Whether it's the spirit of Leviathan, a spirit of Jezebel, Abaddon, whether it's the spirit of Belial, we come against the strongmen, especially Jezebel, that which would operate in sorcery and witchcraft, that which would operate in hidden things, veiled things, that which would operate in deception.

White, citée dans Lemon 2019

En ayant recours aux mêmes stratégies accommodationnistes que la Droite chrétienne pour viser soit la neutralisation, soit la pluralisation de l’espace public, l’action du Temple Satanique dans la sphère publique pose la question du renforcement potentiel de la guerre culturelle mise en exergue par les fondamentalistes, à savoir celle d’une bataille cosmique entre partisans de Dieu et partisans de Satan pour l’âme des États-Unis. La stratégie et l’esthétique de transgression du Temple Satanique pourrait-elle renforcer ce discours ?

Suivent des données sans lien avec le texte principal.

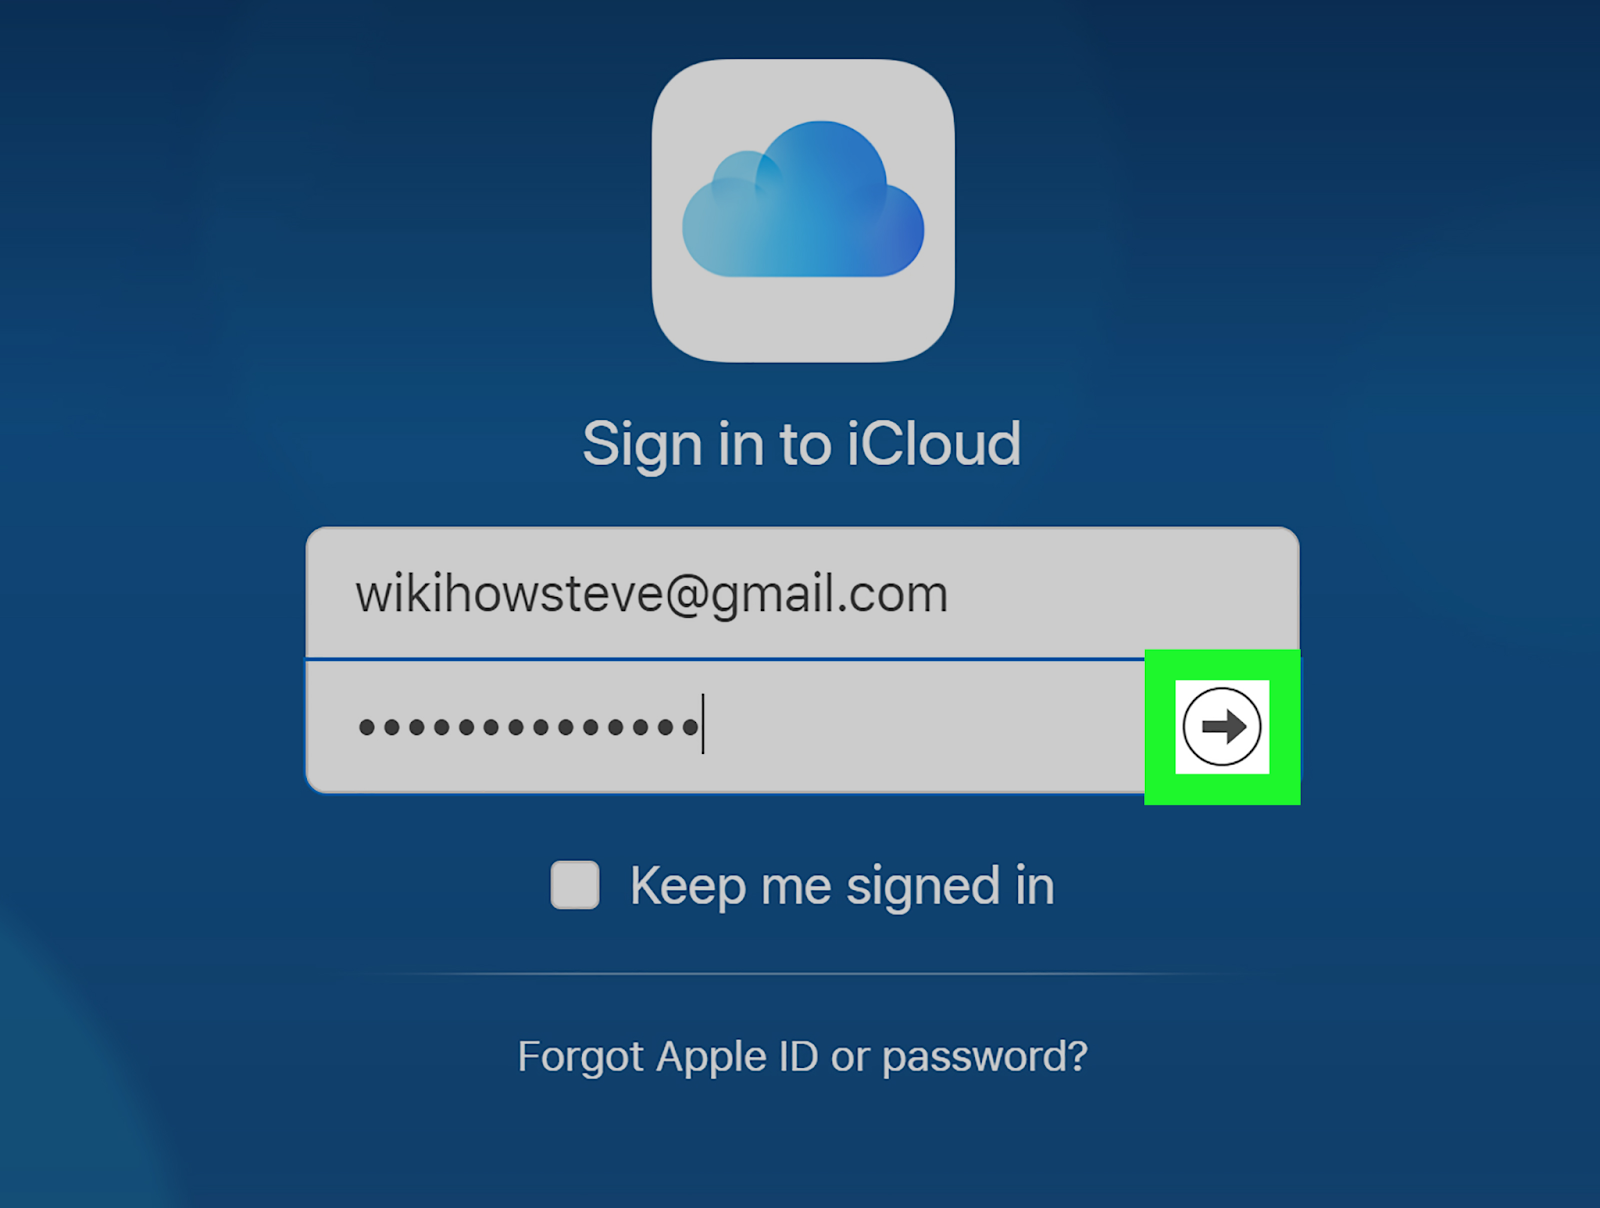 Re-sign into iCloud Account
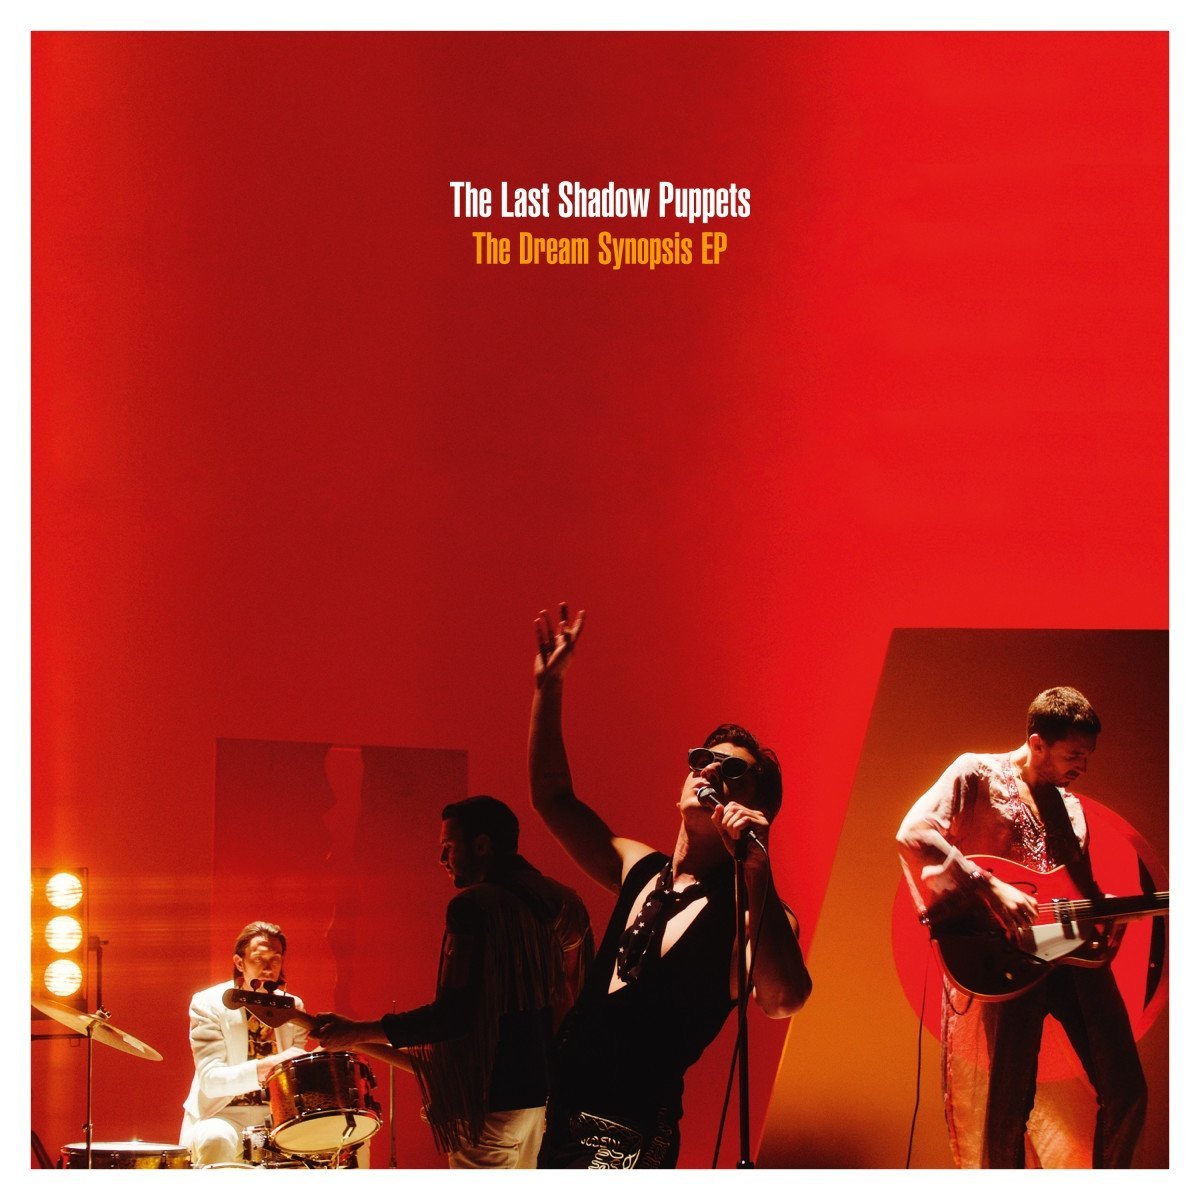 The Dream Synopsis EP - Vinyl | The Last Shadow Puppets

Une autre question qui se pose est celle du potentiel d’efficacité de l’organisation : bien que le cadre culturel américain et sa religion civile, ainsi que la prééminence du christianisme, ne puissent considérablement s’affaiblir à court terme, Satan demeure toutefois un puissant symbole de contestation et de provocation, mais l’aspect routinier du Temple Satanique et sa reconnaissance officielle par différentes institutions publiques pourraient progressivement réduire l’effet de surprise ainsi que son pouvoir. En perpétuant un équilibre précaire entre la volonté de faire reconnaître les satanistes comme des citoyens respectables et parfaitement intégrés et une esthétique opposée au cadre culturel dominant, le Temple Satanique cherche à préserver son pouvoir d’évocation. Il a compris que l’esthétique du satanisme, ainsi que celle de la figure de Satan, constituent un modèle de repoussoir suffisamment puissant pour susciter une réaction au sein de la société américaine en défiant le cadre culturel global avec l’esthétique qui lui est antithétique. Or, un tel phénomène n’est pas sans risques pour la stabilité et la stratégie du groupe, divisée entre acceptabilité et transgression. De futures recherches devraient observer comment l’organisation a pu s’inscrire dans le paysage américain et s’insérer dans le pluralisme religieux, en conservant sa dynamique et son pouvoir de provocation, qui est une composante non négligeable de son activisme politique, ainsi que de la manière dont les institutions publiques interagissent avec elle.